# Bleiersatz - einfach genial oder genial einfach?



## Franky (9. Oktober 2008)

Servus... Ich bin in den USA darauf aufmerksam gemacht worden, dass viele Staaten, insb. "Neu-England-Staaten" ein Bleiverbot ausgesprochen haben. Tungsten, Stahl/Eisen und Messing sind hauptsächliche Ersatzmaterialien.
Da hier einige ja auch Steine mit Kleber und Löchern versehen, habe ich mal ein wenig gesucht und bin auf diese Link gestoßen: |bigeyes
http://members.aol.com/Ciekurs3/Sandsinkers.html
Ich finde, eine saugeile und einfache Idee - durchaus nachahmenswert! Mit solchen Beutelchen lassen sich auch Steine ganz hervorragend befestigen und man hat im Zweifelsfall eine Sollbruchstelle, die finanziell auch nicht weh tut!


----------



## Nimos (9. Oktober 2008)

*AW: Bleiersatz - einfach genial oder genial einfach?*

super Idee werd ich mal testen.. #6


----------



## heinzrch (9. Oktober 2008)

*AW: Bleiersatz - einfach genial oder genial einfach?*

gute Idee, aber fischt sich sowas dann wirklich wie ein konventionelles Blei ? - ich hätte Angst, dass es nicht so gut liegen bleibt oder dass der Haken am Stoffsäckchen hängen bleibt. Steine mit Löchern und mit Epoxy reingeklebtem Wirbel sind mir vertrauenswürdiger...


----------



## Aalhunter33 (9. Oktober 2008)

*AW: Bleiersatz - einfach genial oder genial einfach?*

moinsen...fürs flußangeln-selbst bei schwacher ströhmung eher ungeeignet,find ich,,,würde sagen,dass rollt dir weg. klar,fürs teichangeln geht datt.


----------



## mario-e-285 (9. Oktober 2008)

*AW: Bleiersatz - einfach genial oder genial einfach?*

hello, hier mein senf zum thema bleiersatz:

in hängerreichen gewässern angle ich beim grundangeln mit muttern. die fädel ich auf ne dünnere schnur als die hauptschnur und häng das in den boom... das gewicht kann ich somit auch bestimmen, größere mutter-größeres gewicht und ne so teuer.


----------



## don rhabano (9. Oktober 2008)

*AW: Bleiersatz - einfach genial oder genial einfach?*

|good:

Jop. Kann man aber auch mit alten Zündkerzen machen muhahaha.
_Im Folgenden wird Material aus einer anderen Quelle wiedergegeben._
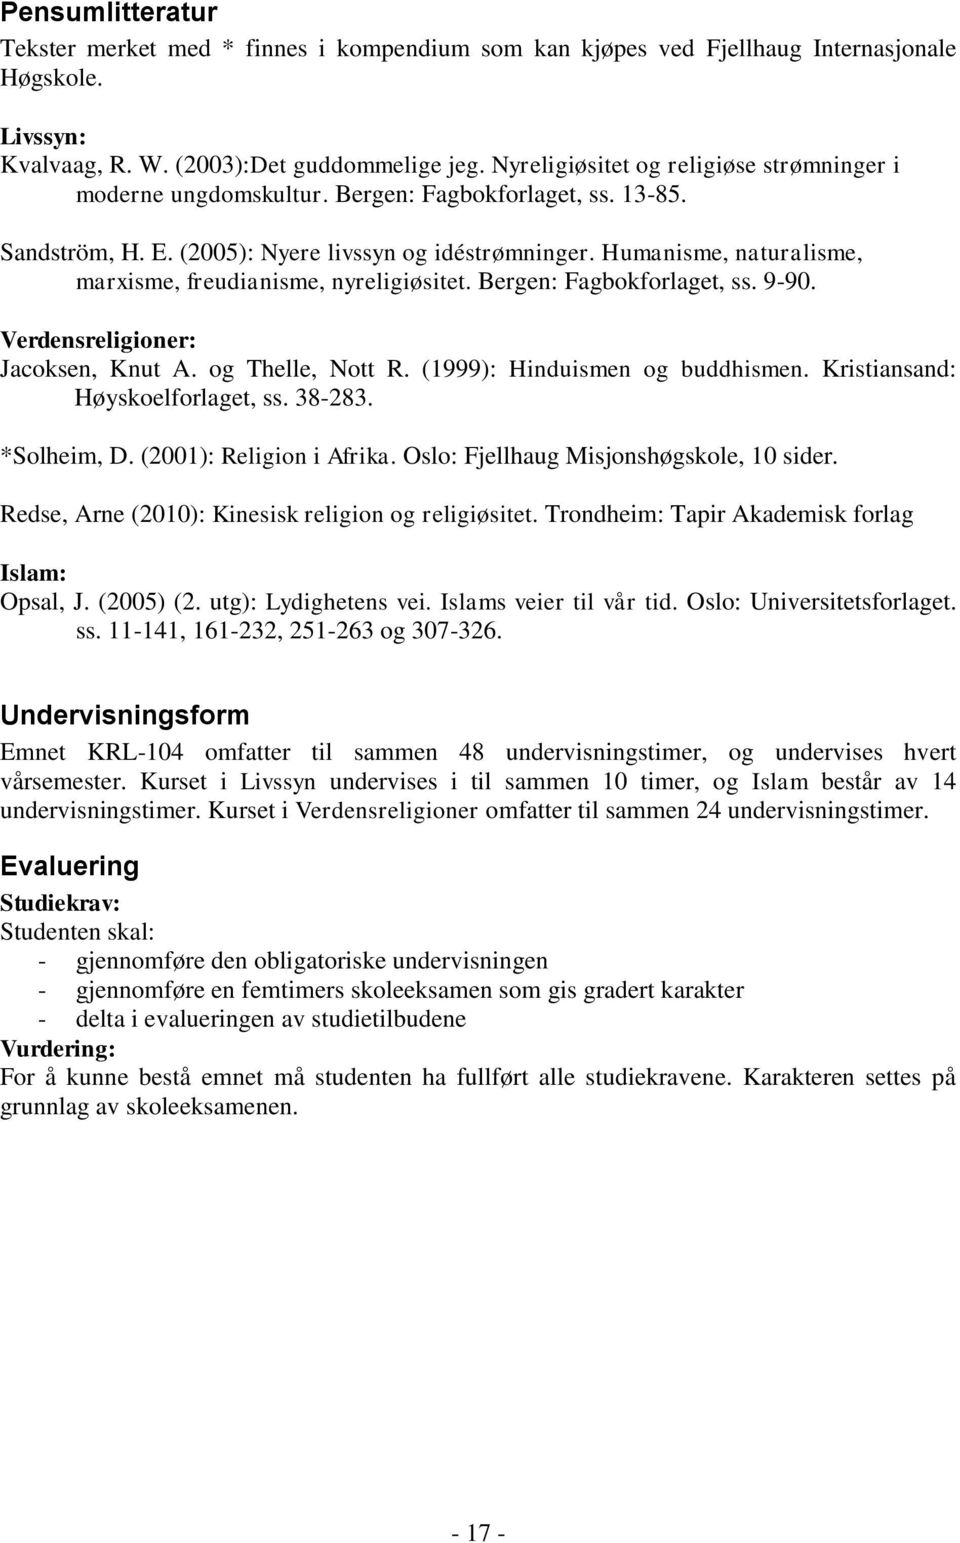 Humanisme, naturalisme, marxisme, freudianisme, nyreligiøsitet. Bergen: Fagbokforlaget, ss. 9-90. Verdensreligioner: Jacoksen, Knut A. og Thelle, Nott R. (1999): Hinduismen og buddhismen.

Würd auch sagen für Seen is es ok für fließgewässer nicht!

Man kann aber auch ein Stück netzstrumpf (oder sonst.) nehmen, paar Kiesel oder große Steine Reinballern und zuknoten---geht schneller und auch unterwegs).


----------



## mario-e-285 (9. Oktober 2008)

*AW: Bleiersatz - einfach genial oder genial einfach?*

 hab auch schon gesehen, wie se mit ganzen kolben geangelt haben|kopfkrat


----------



## elb-angler (9. Oktober 2008)

*AW: Bleiersatz - einfach genial oder genial einfach?*

es liegen auch oft ganze autos im see,möchte gern mal die rute dazu sehen!


----------



## elb-angler (9. Oktober 2008)

*AW: Bleiersatz - einfach genial oder genial einfach?*

wie es sich für einene ordentlichen angler gehört,es wird ordentlich mit blei geangelt!plumsangler nehmen übrigens auch andere sachen....


----------



## Franky (10. Oktober 2008)

*AW: Bleiersatz - einfach genial oder genial einfach?*



			
				elbangler schrieb:
			
		

> es liegen auch oft ganze autos im see,möchte gern mal die rute dazu sehen!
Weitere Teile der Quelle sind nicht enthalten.